Auswahlmethoden zur dynamischen Geräteverknüpfung

Type: Masterarbeit
Status: Offen
Beginn: Sofort
Student: N.N.
Tutor: Börge Kordts
Supervisor: Prof. Dr.-Ing. Andreas Schrader

Forschungsgebiet


Neuen Paradigmen folgend werden Computer zunehmend in das Ambiente integriert. Das eröffnet neue Möglichkeiten, stellt Entwickler ambienter Systeme aber auch vor neue Herausforderungen. Insbesondere die Benutzungsschnittstellen müssen bei solchen Systemen, beispielsweise durch den Einsatz von Affordanzen, besonders berücksichtigt werden, da Interaktionsmöglichkeiten nicht mehr offensichtlich sind.

Im ACTIVATE-Forschungsprojekt, an dem das ITM beteiligt ist, werden neue Interaktionsformen und vernetze Geräte in einem klinischen Kontext eingesetzt, um die Situation für Patienten und Personal zu verbessern (beispielsweise eine Belastungsreduktion der Patienten durch eine vereinfachte Kommunikation mit Pflegekräften). Eine Interaktion mit dem Ambiente auch hinsichtlich der speziellen Bedürfnisse der Nutzer, wie beispielsweise eingeschränkte Motorik und Ansprechbarkeit, steht daher im Vordergrund. Wichtig ist auch, dass den Patienten durch das Personal eine bedarfsgerechte Auswahl an IoT-Geräten zur Verfügung gestellt wird.

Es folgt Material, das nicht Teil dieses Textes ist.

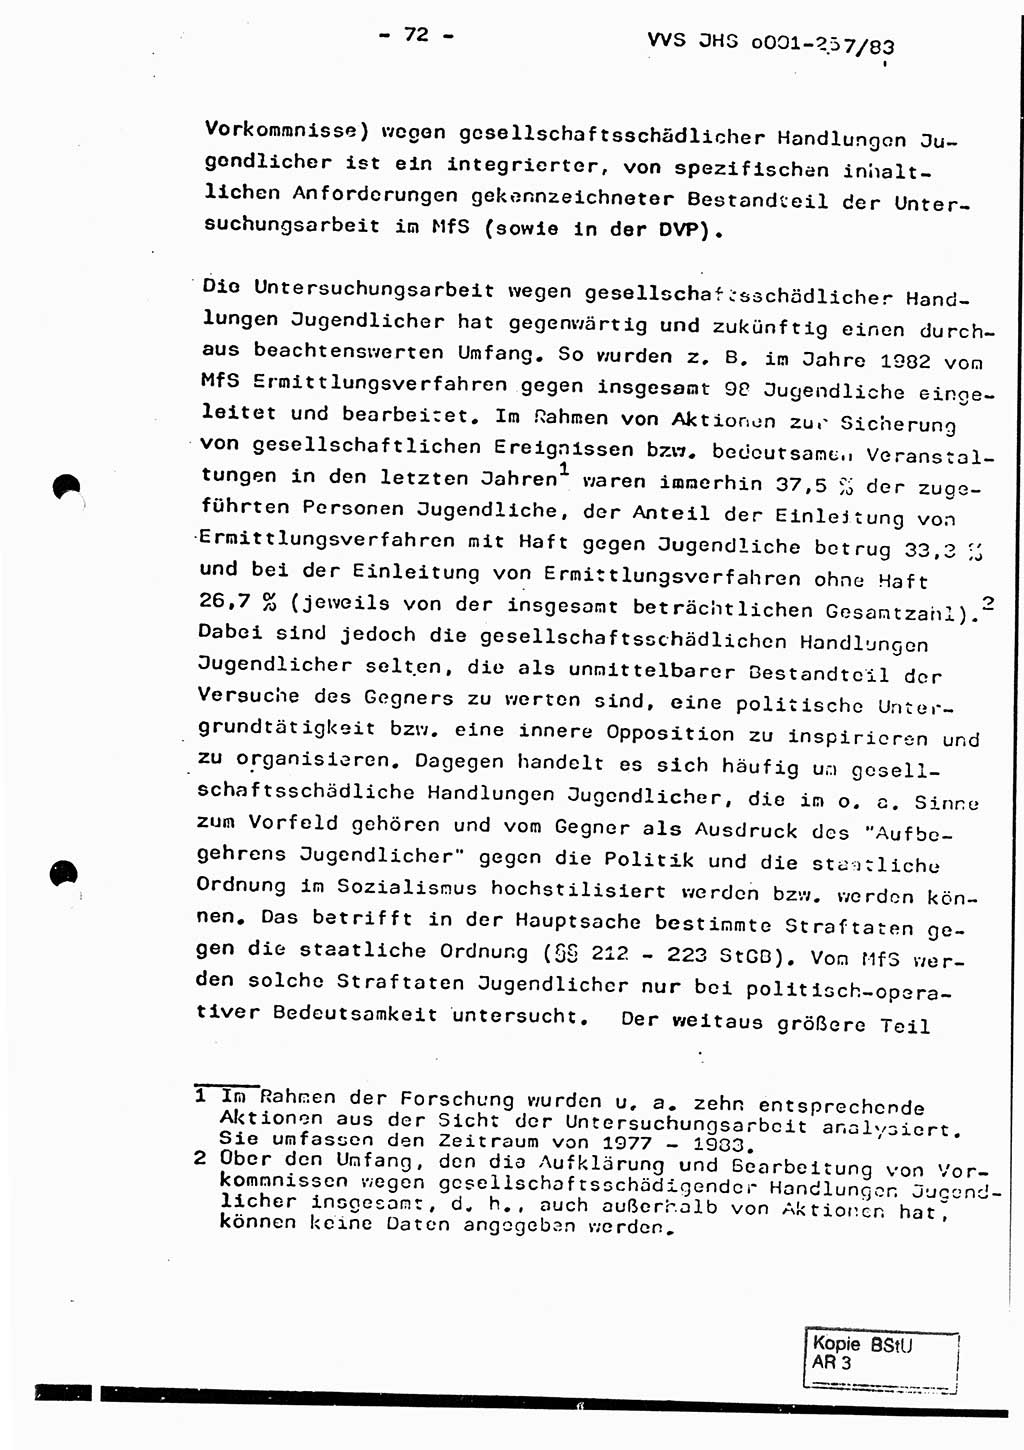 Dissertation, Oberst Helmut Lubas (BV Mdg.), Oberstleutnant Manfred Eschberger (HA IX), Oberleutnant Hans-Jürgen Ludwig (JHS), Ministerium für Staatssicherheit (MfS) [Deutsche Demokratische Republik (DDR)], Juristische Hochschule (JHS), Vertrauliche Verschlußsache (VVS) o001-257/83, Potsdam 1983, Seite 72 (Diss. MfS DDR JHS VVS o001-257/83 1983, S. 72)

In ambienten Systemen stehen typischerweise eine Vielzahl unterschiedlicher Ein- und Ausgabegeräte zur Verfügung. Das dynamische Verknüpfen unterschiedlicher Sensoren mit Aktoren (beispielsweise das Steuern einer Philips-Hue-Lampe mittels eines Myo-Armbands) wurde bereits im Rahmen von Ambient Reflection realisiert. Das Ambient Reflection-Framework erstellt basierend auf den verknüpften Geräten zusätzlich dynamische Anleitungen, welche auf geeigneten Ausgabegeräten dargestellt werden können, um so den Nutzern des ambienten Systems ein Verständnis für Interaktionsmöglichkeiten zu geben. Die Verknüpfungen können auf unterschiedliche Art reguliert werden. Insbesondere ist es auch möglich, einige Geräte nicht in die Verknüpfung einzubeziehen (beispielsweise sollen im ACTIVATE-Szenario nicht die Geräte des Zimmernachbarn gesteuert werden können). Aktuell erfolgt dies durch starre Konfigurationen, zukünftig können jedoch diverse Auswahlmethoden angewandt werden, um diese Konfiguration zu erzeugen. Beispielsweise könnte eine Konfigurations-App eingesetzt werden, um durch Scannen von an den Geräten angebrachten Barcodes eine Auswahl zu treffen. Die App würde diese Zusammenstellung anschließend an Ambient Reflection weitergeben und so eine tatsächliche Verknüpfung erzeugen.

Thema der Arbeit/Aufgabenstellung

Im Rahmen der Arbeit sollen unterschiedliche Methoden zur Geräteauswahl für dynamische Verknüpfungen untersucht werden. Des Weiteren soll ein Konzept für ein Verknüpfungssystem basierend auf einer der Methoden erstellt und prototypisch implementiert werden.


Folgende Fragestellungen sollen im Rahmen der Arbeit beantwortet werden:

  • Welche Methoden eignen sich, um eine Auswahl von Geräten zu treffen, die miteinander agieren sollen?
  • Wie können sinnvolle Sensor-Aktor-Paare ermittelt und ausgewählt werden?

Dabei stehen folgende Punkte im Vordergrund:

  • Evaluation der Auswahlmethoden
  • Konzeption eines erweiterbaren und plattformunabhängigen Auswahlsystems
  • Prototypische Implementierung des Systems (beispielsweise unter Verwendung von Ambient Reflection oder Ambient Dynamix)
  • Evaluation der Implementierung

Voraussetzungen

Kenntnisse in der Programmierung mit Java werden vorausgesetzt.

Das Kleingedruckte

Nach Einarbeitung und Umsetzung ist die geleistete Arbeit in der eigentlichen Ausarbeitung sorgfältig zu dokumentieren. Der implementierte Code ist selbstverständlich vollständig zu kommentieren. Die Ergebnisse werden quelloffen, beispielsweise unter den Bedingungen der Apache-Lizenz 2.0, veröffentlicht. Es sind die Regeln zur Erstellung von wissenschaftlichen Arbeiten des Instituts zu beachten. Die Installation des Systems sollte einfach reproduzierbar sein. Dazu gehört ein Docker-Image für das Projekt sowie eine ausführliche Beschreibung der Installationschritte.